**TASK DETAILS**:
Begin at the line where "Long Beach 铺天盖地的晚霞(手机)_图1-2" appears and reproduce exactly every line through the end of the data below, both included, skipping pictures.

**DATASET SECTION**:

####################

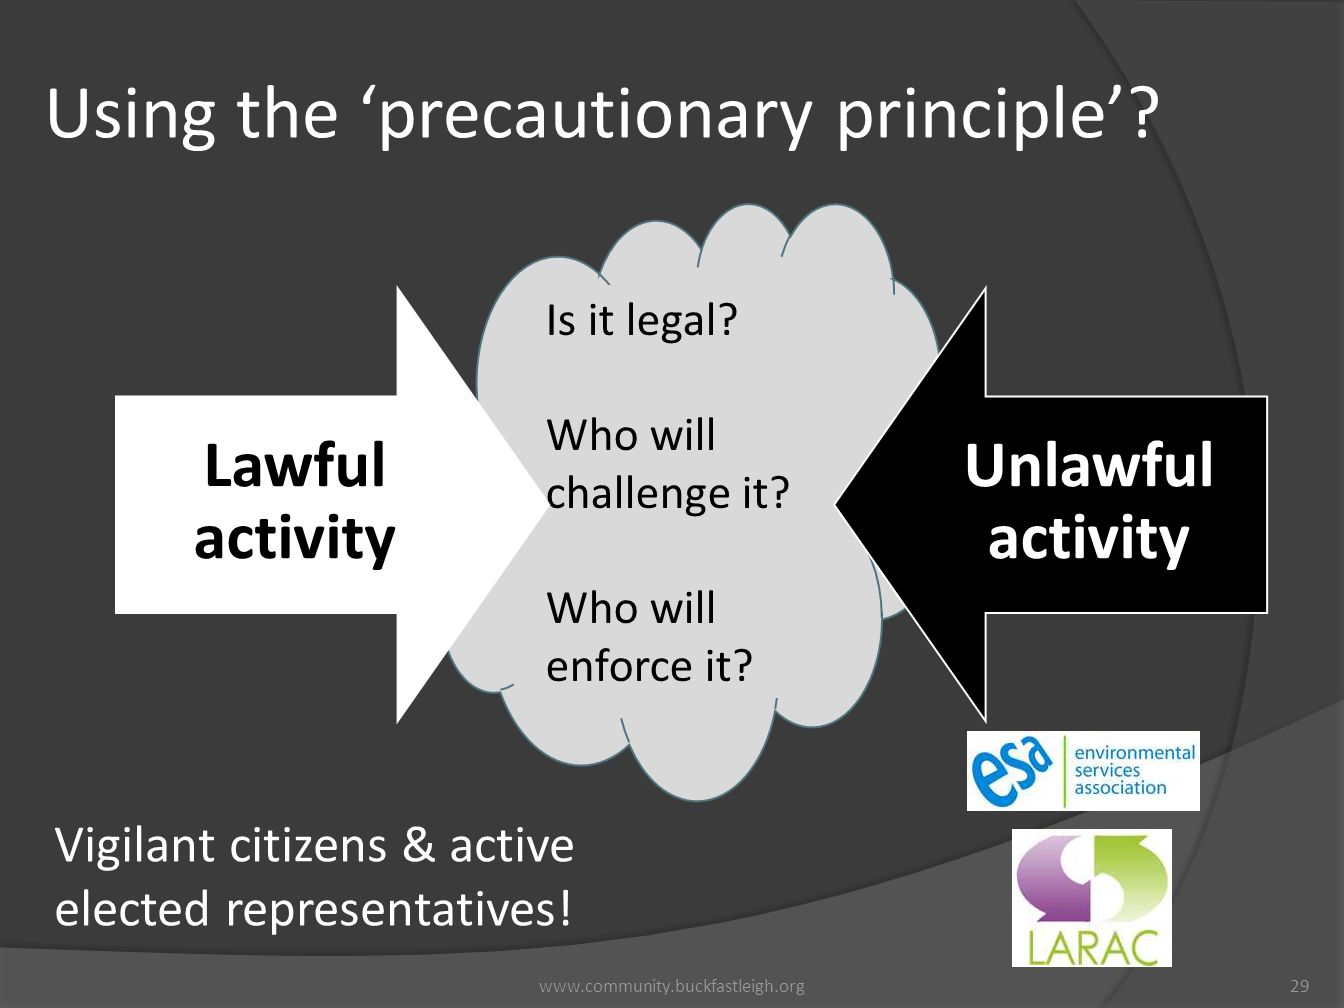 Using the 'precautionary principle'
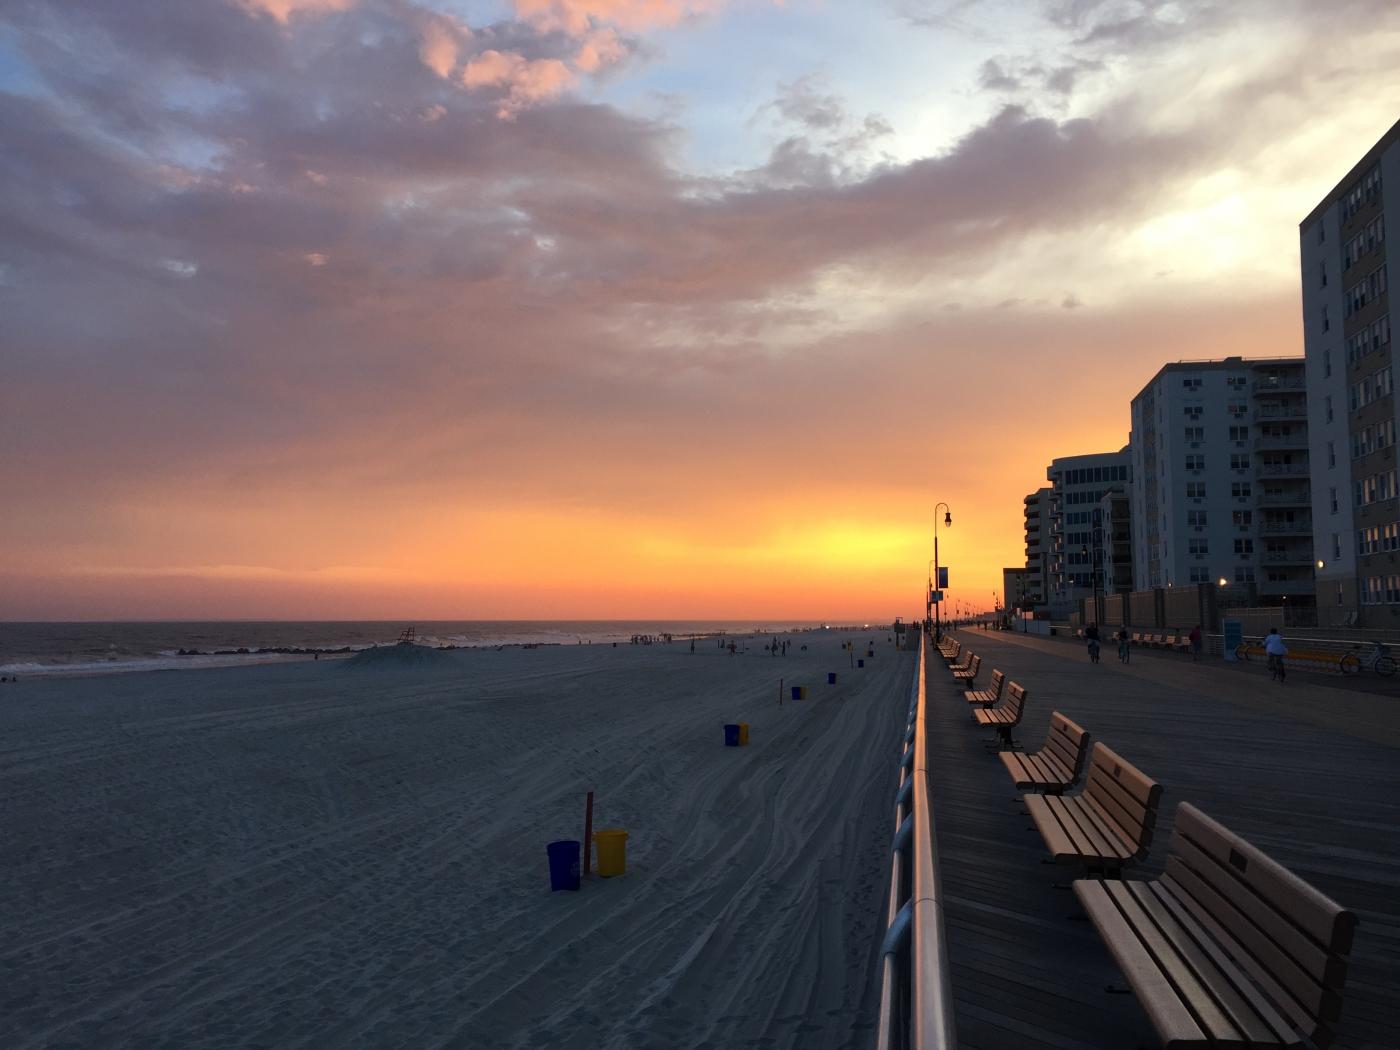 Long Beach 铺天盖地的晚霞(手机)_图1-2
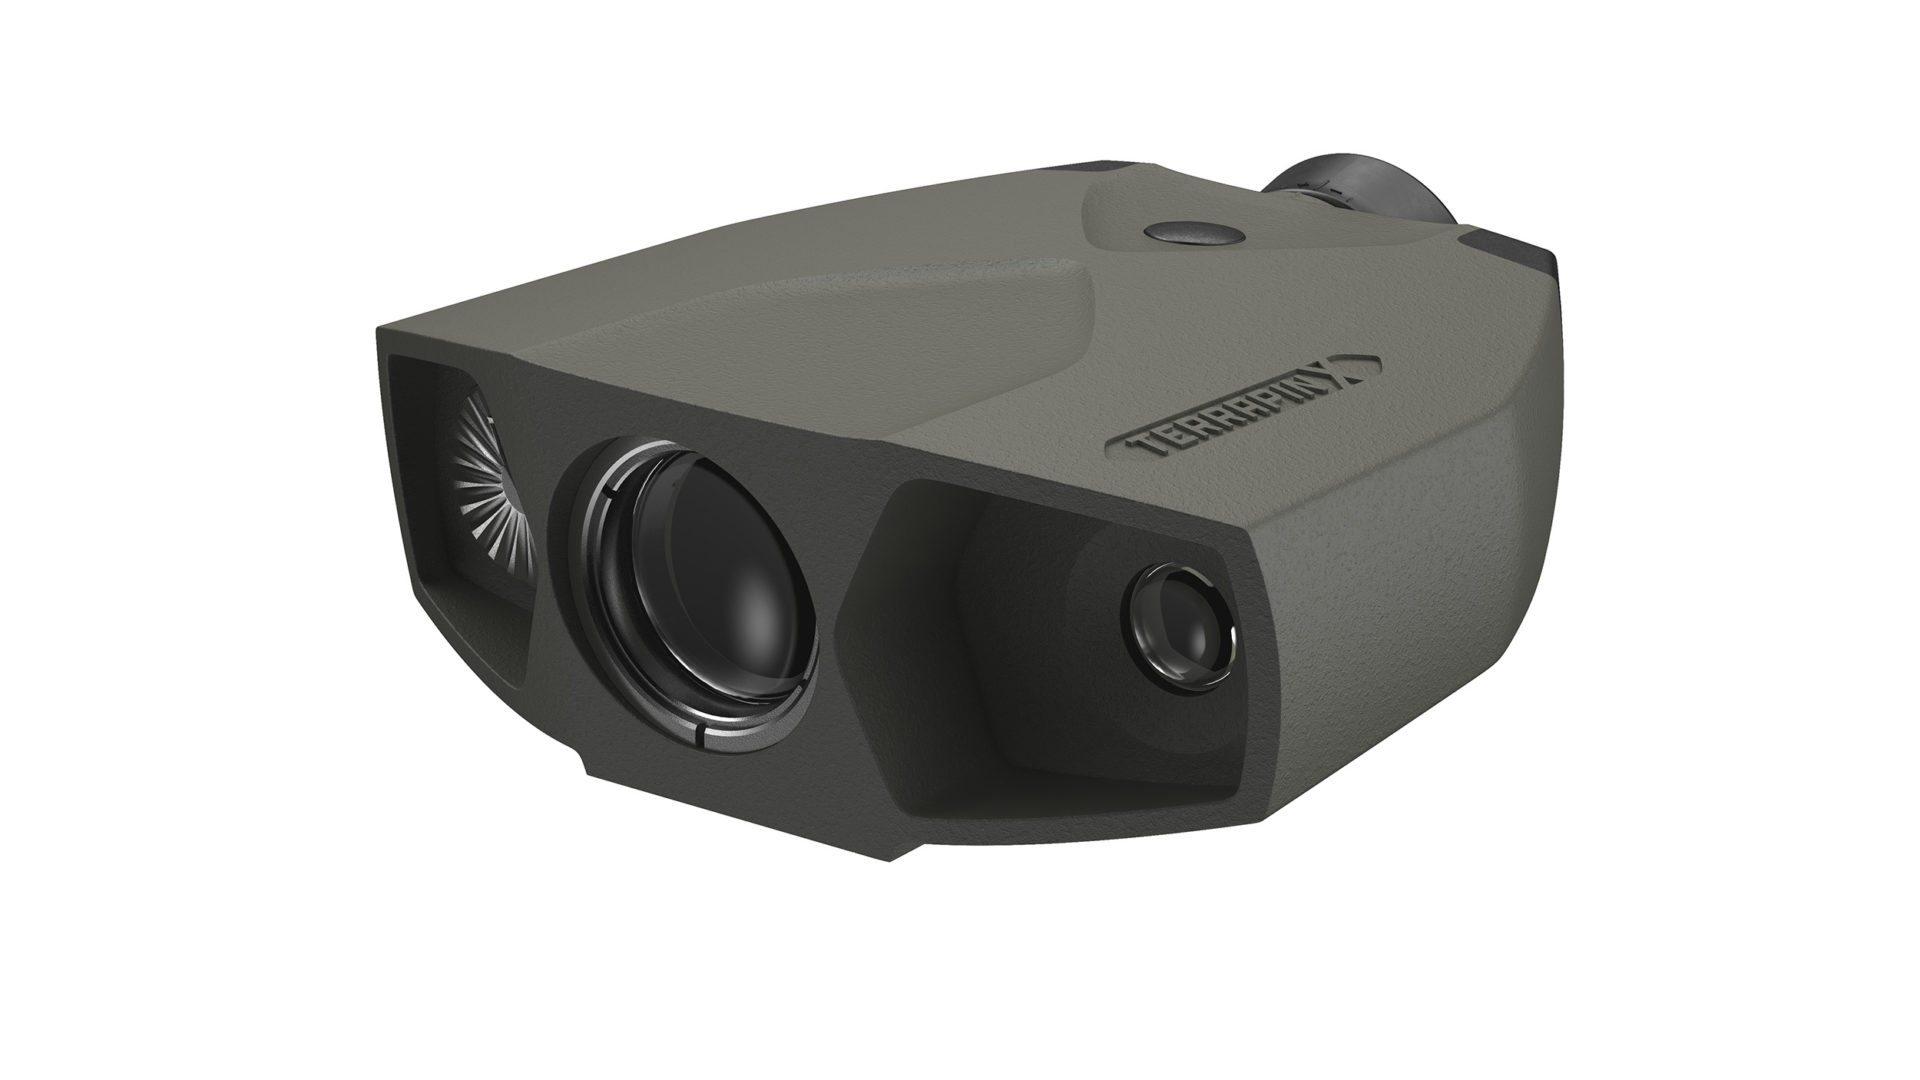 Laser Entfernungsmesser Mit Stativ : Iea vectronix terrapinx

####################

**ANSWER FOR THE TASK**:
 Long Beach 铺天盖地的晚霞(手机)_图1-2
 Laser Entfernungsmesser Mit Stativ : Iea vectronix terrapinx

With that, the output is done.